A California ghost town can have fiber to the doorstep, but it’s not easy - nkurz
http://arstechnica.com/information-technology/2016/01/today-a-california-ghost-town-can-have-fiber-to-the-doorstep-but-its-not-easy/
======
sathackr
The company in the article seems to poo-poo a local WISP, but Wireless ISPs
will continue to be the chief deliverers of last-mile broadband to rural areas
for a long time. Nobody is willing to foot the bill for a huge capital
buildout. It just doesn't make financial sense to spend millions to deliver
internet to a community with a 50 year ROI.

Disclaimer: I currently work for a WISP and have been involved with microwave
wireless internet for the better part of the last 20 years.

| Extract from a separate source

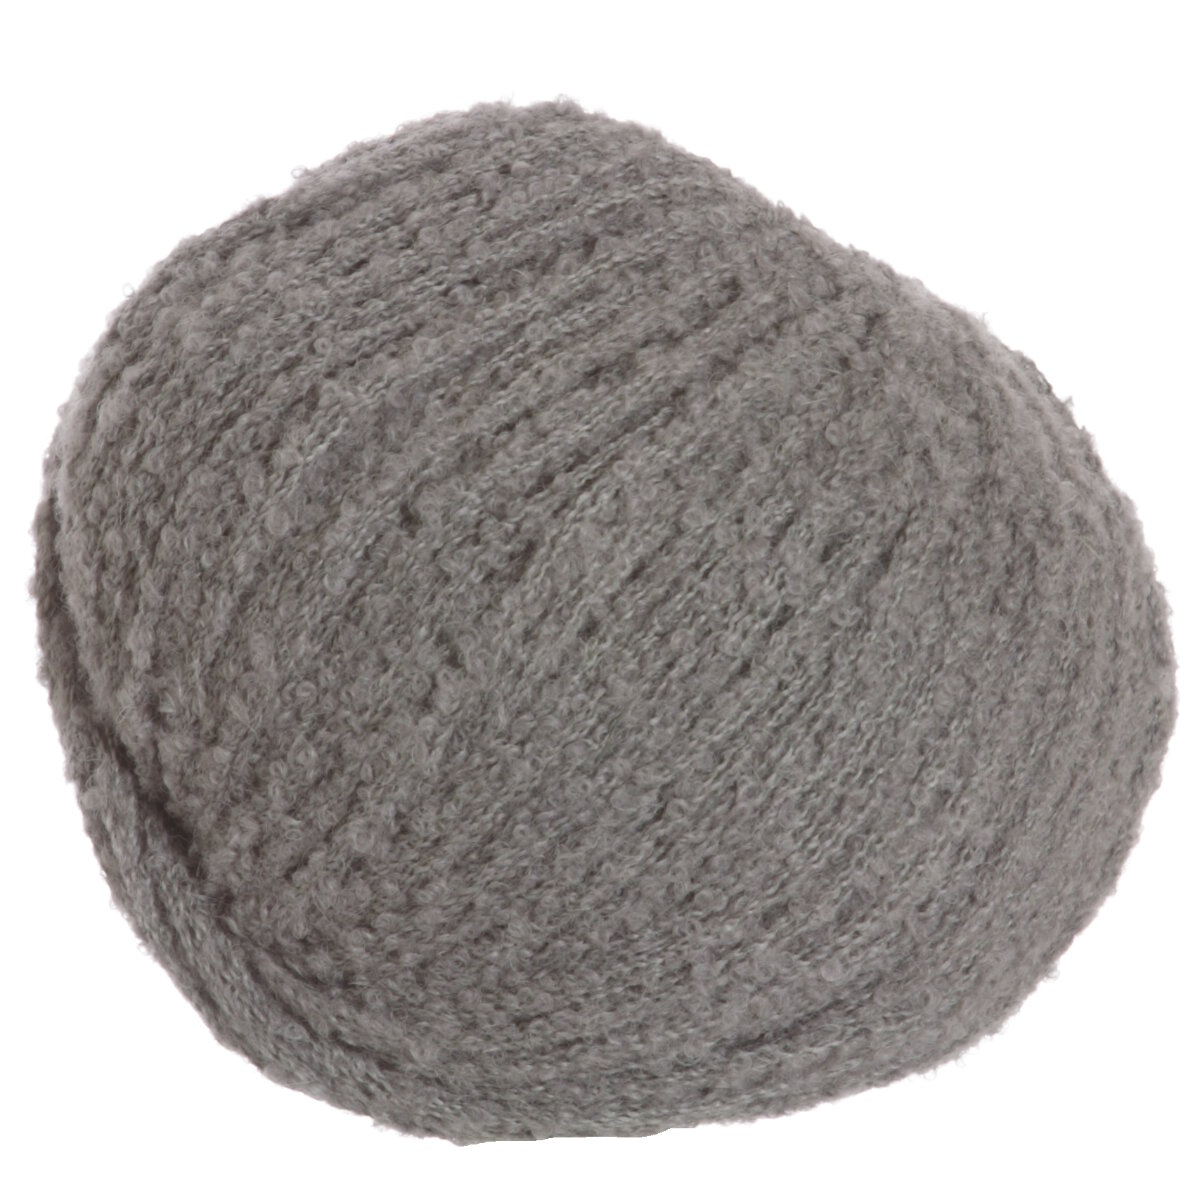 Knitting Patterns Boucle Wool : Plymouth Arequipa Boucle Yarn at Jimmy Beans Wool

No, it's not gigabit fiber, but in reality, every person in America doesn't
need gigabit fiber right now.

Many WISP reliability concerns have far less to do with the weather than they
do the operators of the ISP. Many are inexperienced in reliable network
design, or have budgets stretched so thin they cannot afford quality
equipment. Most pay far more for the internet access they provide to customers
than the big boys.

I'm in a fairly rural county with a couple of mid-sized towns and cities
(largest city has a population of about 100,000). Wired internet is available
in most population centers, but dial-up and satellite is still all that is
available for huge swaths of the county.

I know of a particular neighborhood with new houses (Built during the boom
around 2005) that the local cable company had hardline right out in front of
the neighborhood. There were about 750 houses, most 2000+sq ft. For reasons
unknown to me, the neighborhood had a high percentage of government-assisted
families living in it. The cable company refused to run lines into the
neighborhood for almost 10 years.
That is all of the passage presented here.